Interview: U Sai Saw Lin Tun
With ASEAN Economic Community integration nearing, what elements have been identified to improve Myanmar’s ICT capabilities?
SAI SAW LIN TUN: Priorities for the improvement of ICT capabilities in Myanmar include the transfer of global technology, knowledge, skills, experiences and an international standard of governance to local companies and workforces.
Local operators can contribute by training internal human resources and collaborating with other companies to bolster the industry and promote sustainable development. Increased regional cooperation and the further reduction of trade barriers between ASEAN countries will make it easier and more cost effective to source certain manufactured and processed goods that local and international companies need to expand operations.
Boosted regional cooperation will make it easier to attract and engage regional expertise to help support and grow telecoms operations. Fostering home-grown talent in the ICT sector will also be essential. Through international agreements and partnerships with sector experts in countries such as Japan, theoretical and practical training can be provided to support the Myanmar workforce, increasing efficiency and proficiency of practices among telecoms operators.
The continued growth of the industry, which will be aided by ASEAN integration, will allow its players to make competitive offers to local workers.
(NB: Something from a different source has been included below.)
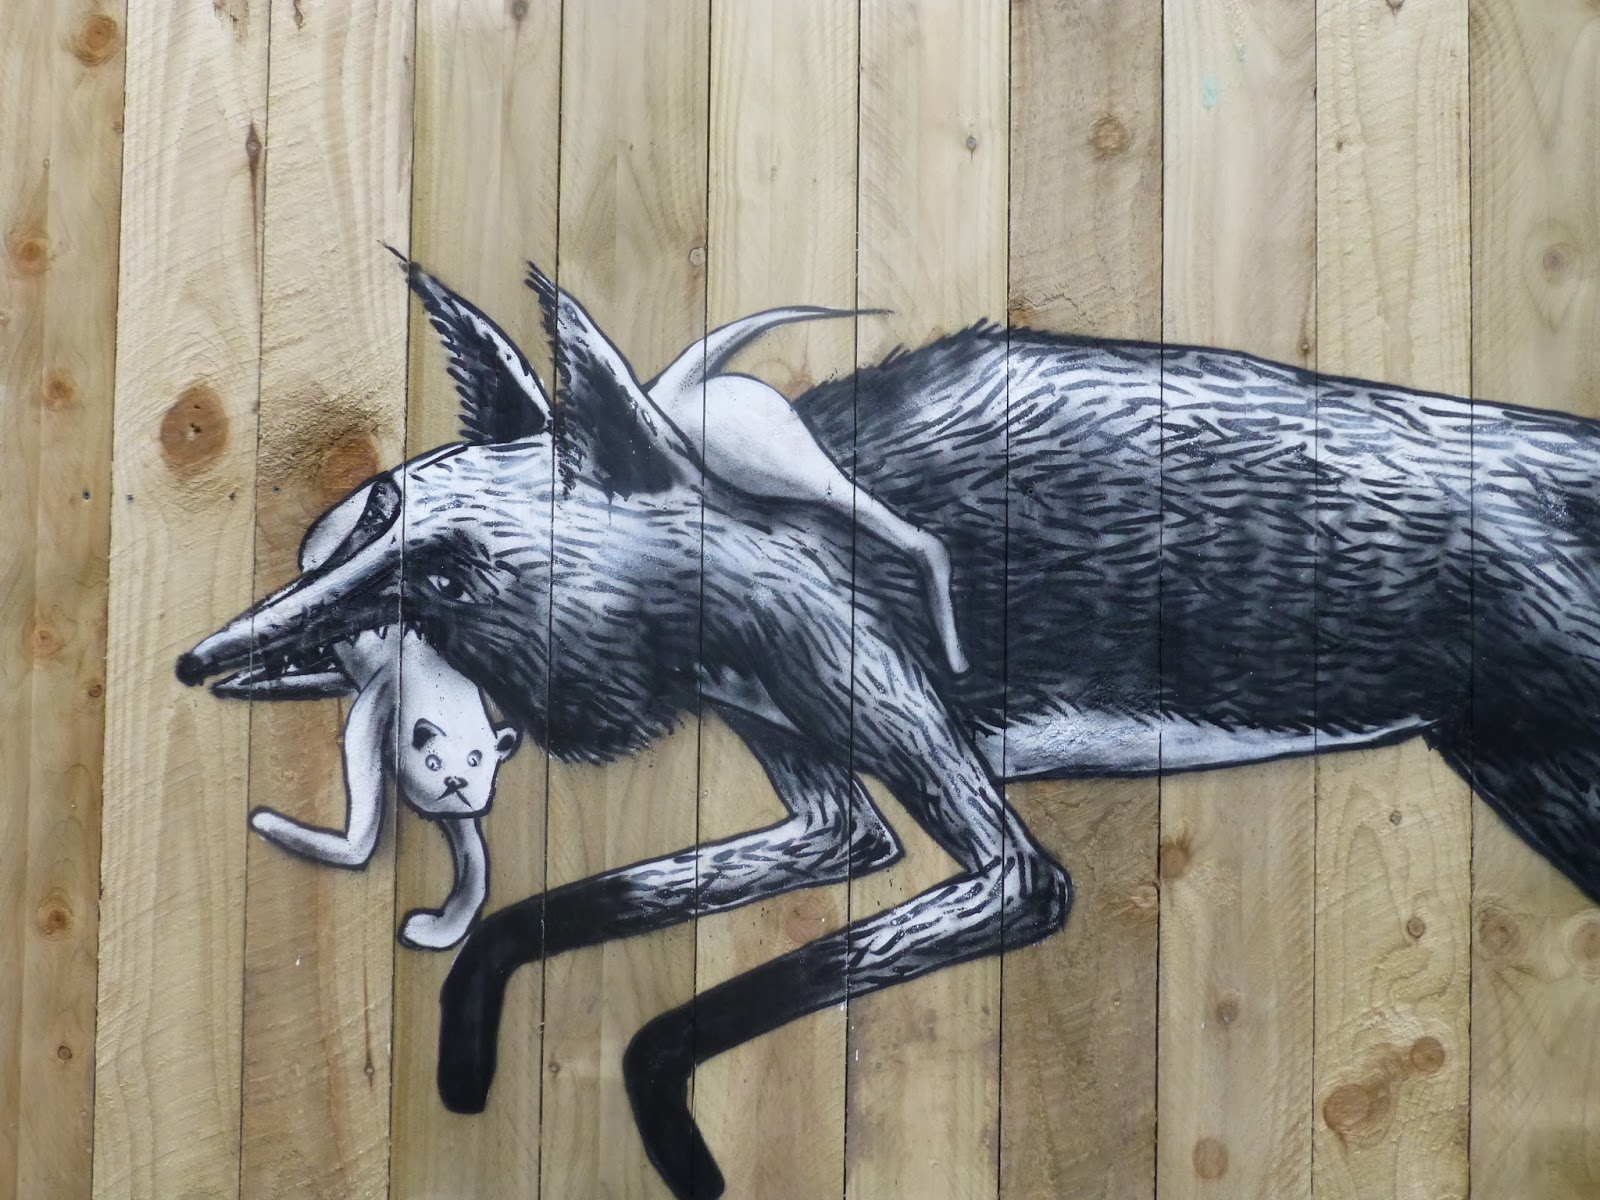 phlegm-urban-foxes-new-mural-sheffield-02

The prospect of being able to play a part in such a dynamically changing field as the Myanmar telecoms industry would help keep talent at home.
The ICT sector also has a big role to play in the development of the labour force. The expansion of digital coverage and usage has great potential for the education sector. This expansion can open up the possibility of high-quality distance learning by offering new modes of delivery such as online courses, degrees and other e-learning initiatives. These forms have the potential to transform teaching and learning processes. Furthermore, the transfer of data made possible by the expansion of mobile broadband technology is particularly crucial to finding new ways to deliver educational content over long distances, which is essential in a diverse landscape with hard-to-reach rural communities.
What has been the reaction of the market to the introduction of 3G? What challenges have arisen as a result of the change?
TUN: The domestic market has reacted positively to the deployment of 3G technology around the country. Myanmar has seen a rapid increase in the sale of inexpensive smart phones, which has enabled faster internet browsing and smoother operation of social networking sites, as well as a dramatic increase in the amount of Facebook, Viber and Line accounts.
The future launch of 4G technology is under consideration, but at the moment the highest priority is to expand the 2G and 3G networks across the country as quickly as possible. Providing 4G coverage also involves further frequency allocation. As of December 2015, MPT had more than 17m subscribers, and we aim to increase population coverage to 95% by the end of March 2016.
Expansion does not come without its challenges. There are several obstacles to infrastructure development and expansion, one being a lack of clarity over land ownership and legal rights, which continues to hinder the progress of tower installation. It is not uncommon for potential landlords to have inadequate documentation covering their rights over real property. This means even greater due diligence is required before entering into any contracts over land, and ultimately results in a more cautious pace of expansion for telecoms operators.